Exposure Control Without Destroying Color
- Challenge: Simply adding "dark" or "bright" to prompts created color shifts and mood changes, not true exposure bracketing.
- Solution: Engineered specific exposure modifiers (-2EV, +2EV) combined with technical lighting terms (underexposed, low key lighting, dim environment) to simulate f-stop changes while preserving color fidelity.
32-bit EXR Codec Support
- Challenge: OpenCV requires explicit EXR support enabled, which isn't obvious—spent hours debugging "silent failures."
- Solution: os.environ["OPENCV_IO_ENABLE_OPENEXR"] = "1" must be set before importing cv2. Documented this as the first line in our code.
Async Job Management
- Challenge: Coordinating three simultaneous image generation jobs while providing real-time UI feedback.
- Solution: Implemented polling with job tracking dictionaries and Gradio's yield-based streaming for live agent status updates.

Accomplishments that we're proud of

🏆 First True "Computational Bracketing" System Using GenAI - We proved that structured prompts can enable virtual photography techniques that mirror real-world professional workflows.

🏆 Production-Ready Output - Not just a demo—outputs genuine 32-bit HDR files used by professional rendering engines. Pixel values exceed 1.0 (proof of HDR dynamic range).

🏆 Surgical JSON Manipulation - Demonstrated that BRIA's structured prompts are programmable scene graphs, not just better text prompts. Our Director Agent modifies one JSON field while preserving 20+ others with perfect fidelity.

🏆 Zero Manual Intervention - Full autonomous agent workflow from single image → HDR asset in ~60 seconds.
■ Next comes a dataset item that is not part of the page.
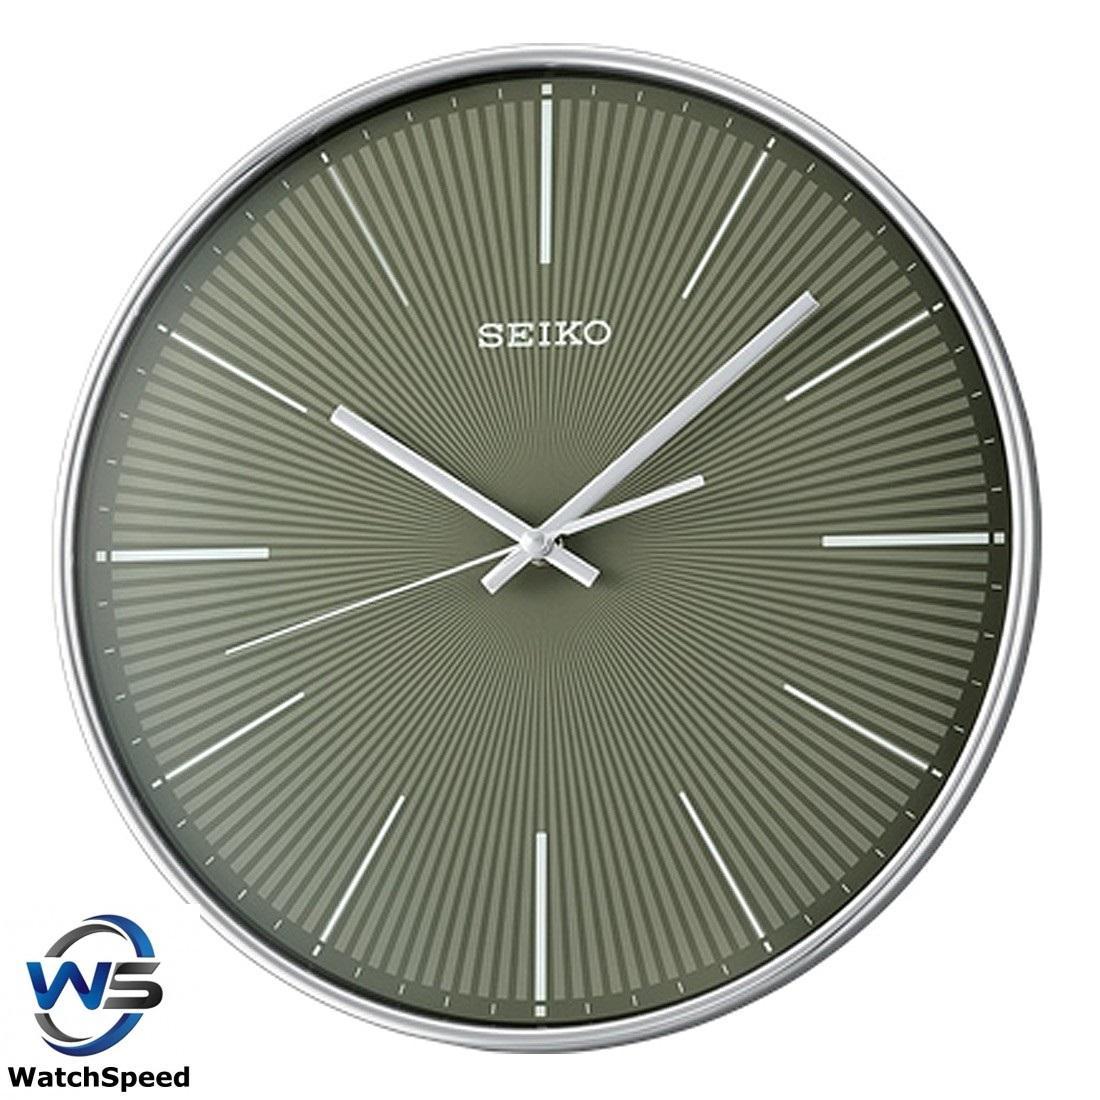 Seiko QXA733AN QXA733A Analog Charcoal Dial Wall Clock

🏆 Educational Impact - The tonemapping comparison visually demonstrates why HDR matters, making computational photography concepts accessible to artists.

What we learned

Technical Insights:

Structured prompts are scene graphs, not strings - JSON-native APIs enable parametric control impossible with text
Seed determinism + structured modifications = virtual camera control - You can "re-shoot" a scene with different lighting while maintaining perfect alignment
HDR requires <1% geometric variation - Even tiny shifts break the Debevec algorithm—structured prompts solved this

Design Insights:

Agentic workflows need personality - Our Scout/Director/Fusion metaphor makes the pipeline intuitive
Real-time feedback is critical - Streaming agent logs transformed the UX from "black box" to "collaborative process"
Professional output validates innovation - Downloadable .EXR files prove this isn't just a hackathon gimmick

API Insights:

BRIA's bidirectional image↔JSON pipeline is underutilized—most people only use text-to-image
The "LLM translator" for structured prompts is more powerful than direct JSON writing—it handles edge cases intelligently
Async job polling with status URLs is production-grade architecture (not webhook-dependent)
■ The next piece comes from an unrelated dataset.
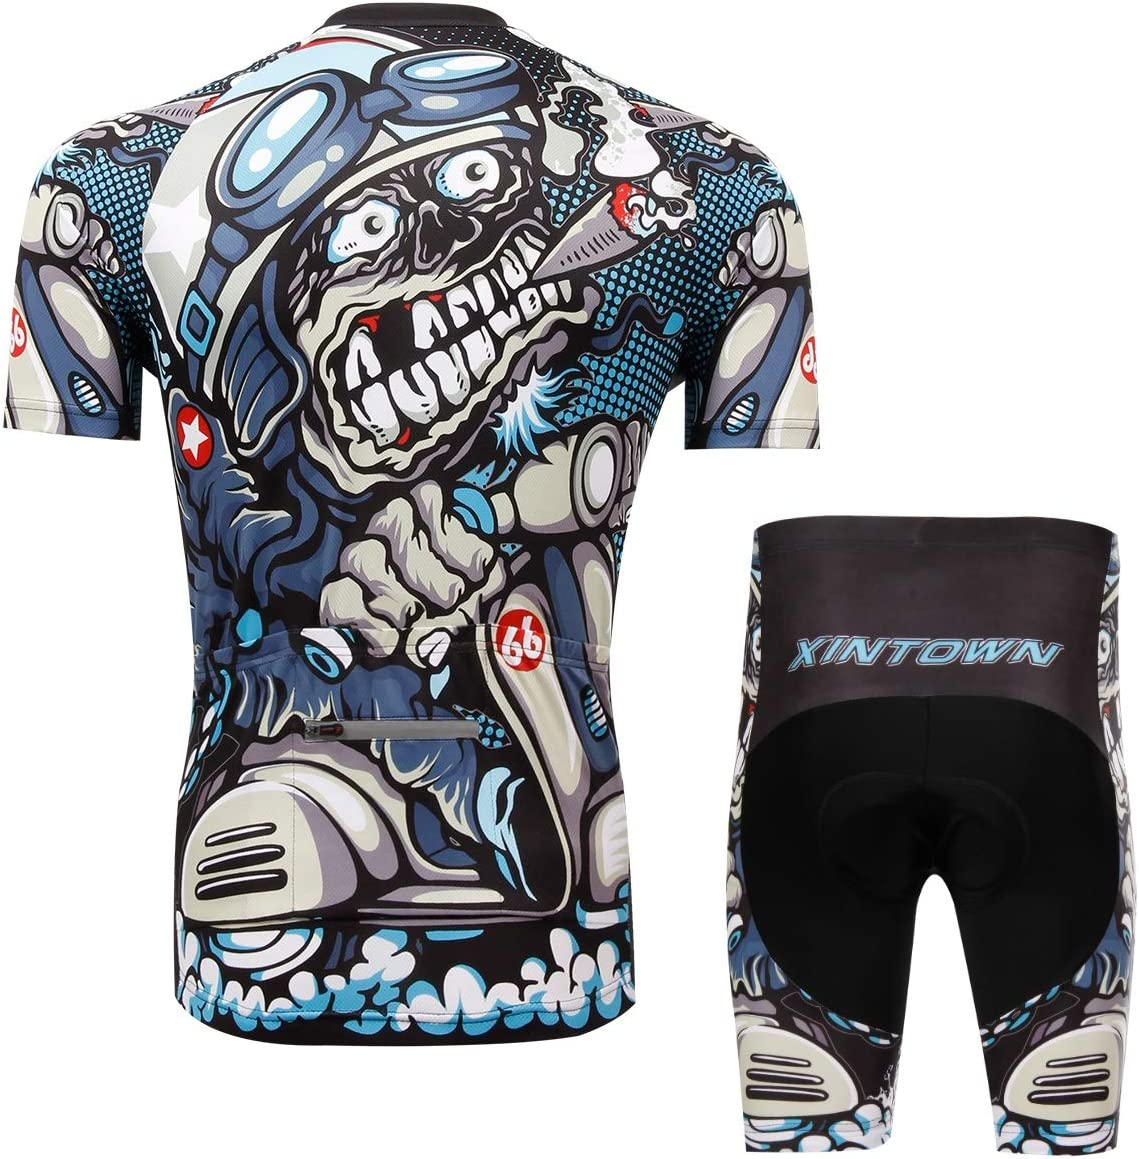 Unkoo Interesting Cycling Jersey Skull Sublimation Printing Polyester Summer Quick Dry Bike Men Plus Size Pro Short Sleeve Clothes Mens Half Top Racing Team Biking Bib Shorts Set

What's next for Lumina-Agent

Short-term (Production-Ready Features):

Multi-image HDR stitching - Generate 360° HDRI environment maps from single concept art
Batch processing - Process entire asset libraries overnight
Custom exposure bracketing - Let users define EV ranges (5-shot, 7-shot brackets)
ACES color space support - Industry-standard color workflows for VFX pipelines

Medium-term (Advanced Agent Capabilities):

Reflection removal agent - Detect and separate direct lighting from reflections for IBL workflows
Automatic ground plane detection - Generate proper shadow-catching planes for compositing
Material decomposition - Separate albedo, roughness, and lighting into PBR texture maps
Quality validator agent - Detect alignment issues, clipping, or artifacts before HDR merge

Long-term (Ecosystem Integration):

Blender/Unreal/Unity plugins - One-click HDR generation from viewport renders
Real-time preview - Live tonemapping during generation (streaming partial results)
Style-consistent HDRI libraries - Generate matching HDR sets for entire projects
Collaborative agent swarms - Multiple Scout agents vote on best scene interpretation

Research Direction: Explore using structured prompts for inverse rendering—given a lit scene, decompose it into geometry + lighting + materials using agent negotiation. This would be the "holy grail" of computational photography meeting GenAI.